Five reasons to get your saving plans on track
No matter how much we enjoy our working lives, retirement has always been something to look forward to. From travelling the world to living comfortably and being able to treat the grandchildren, whatever retirement means to you, it is unquestionably a time of life that we should be able to fully enjoy.
However, several factors are currently putting a lot of pressure on our pension pots, meaning that the dream of a ‘comfortable retirement’ is proving increasingly harder to achieve. Despite this, shocking statistics from the Money Advice Service reveal that more than half of people in the UK either aren’t saving at all for their retirement, or they aren’t saving nearly enough to give them the standard of living they desire.
Here, we look at five key reasons why you need to get your saving act together as soon as possible:
1. Retirement could last longer than you think
Although increased life expectancy is a perk of modern life, many of us do not realise the implication this has for our pension pots. According to statistics from the ONS, the average life expectancy at age 65 years in the UK is another 18.6 years for men and 20.9 years for women – that’s a long period of time for our saving pots to support us over! Instead of focusing on one big retirement perk, such as a luxury holiday, it’s important to think about how you want your day-to-day life to look, as we face the prospect of possibly living well into our eighties – and beyond.
2. The State Pension may only cover basic needs
Although most of us will receive a State Pension, we have to be realistic about what this will cover. For those reliant on state support, the question might not be how to retire successfully, but how to retire at all. It is vital, therefore, that we take personal responsibility for our own retirement finances. In addition to this, the Government is proceeding with an accelerated increase in the State Pension age. From 2020, it will be 66 for men and women, increasing to 67 between 2026 and 2028, and then linked to life expectancy after that. The Office for Budget Responsibility has warned that many of those who are working today might not be eligible for a State Pension until they are 70.
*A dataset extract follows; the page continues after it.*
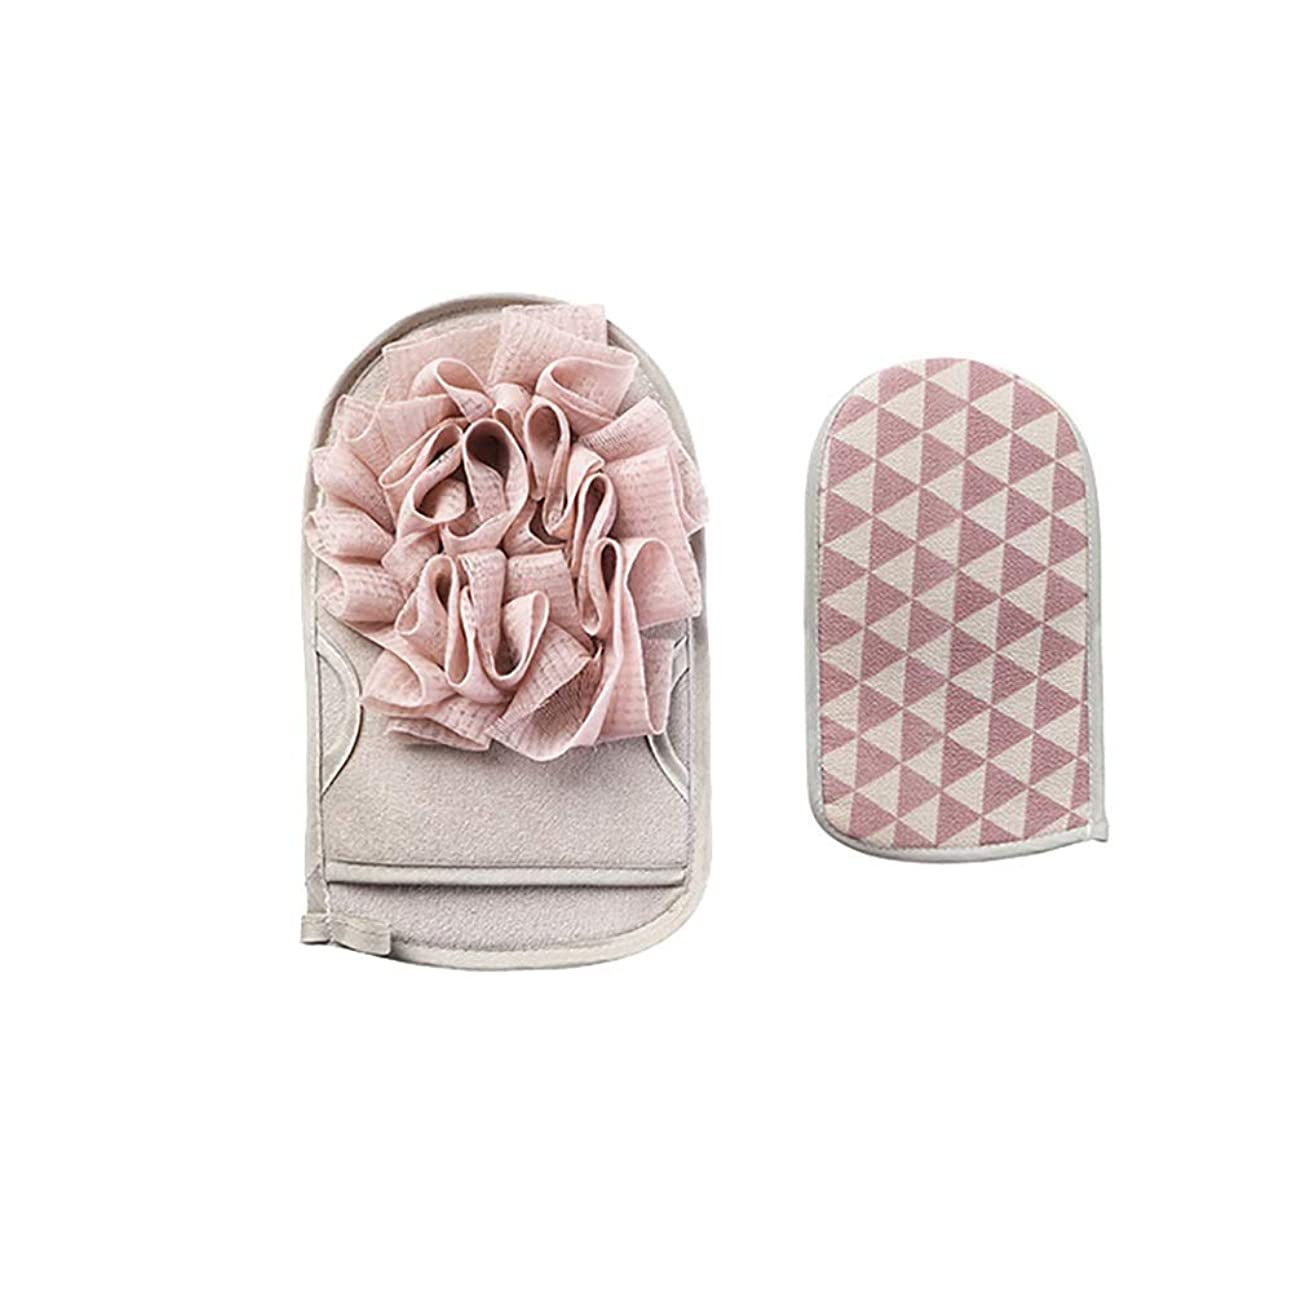 スカート全能食事を調理するユニセックス家庭用両面お風呂手袋お風呂洗面、両面植物繊維、柔らかく乾燥しやすい、痛みを伴わないバスタオル (Color : Gray)

3. You might have misjudged how far your savings will stretch
There is little awareness about how much retirement income a savings pot can translate into. On average, Britons believe that a pot of £233,000 will be enough for their desired retirement income of £26,000 a year. But research suggests that they need to save at least £525,000 for this income, even with the State Pension (source: BlackRock, Investor Pulse Survey, 2017). This uncomfortable realisation about how far a pension pot will go is evident in a recent study by Aviva, which found that 63% of over-50s in employment are now planning to retire later than they thought they would 10 years ago: 38% of which say it is because they have insufficient pension savings.
4. It can be hard to catch up
When it comes to future planning, the sooner you start to save, the better. This way, the more time you have to benefit from compound interest, which enhances the value of your savings due to a snowball effect. It’s worth saving each pound you have now to take advantage of the benefits you gain later – it will give you far more freedom and control over your lifestyle down the road.
5. The burden of saving has shifted
More of the burden of saving has moved from employers to employees, meaning that the majority of today’s workers are now solely responsible for making their own financial provision for retirement. In the face of rising life expectancy and spiralling costs, the trend has been for employers to wind up their defined benefit (final salary) schemes in favour of their less costly, and in many cases, less favourable defined contribution counterparts.
The time is now
As we have seen, saving for retirement has never been so important. It’s imperative that we start saving to help fund a comfortable old age – without a long-term financial plan, we run the risk of outliving our savings. Many experts warn that the end of defined benefit pension schemes, chronic under-funding of defined contribution pensions, and increasing life expectancy are creating a perfect storm that threatens to destabilise the financial wellbeing of millions of future retirees. Put simply: a comfortable retirement can only be assured if we take the right steps to save enough money.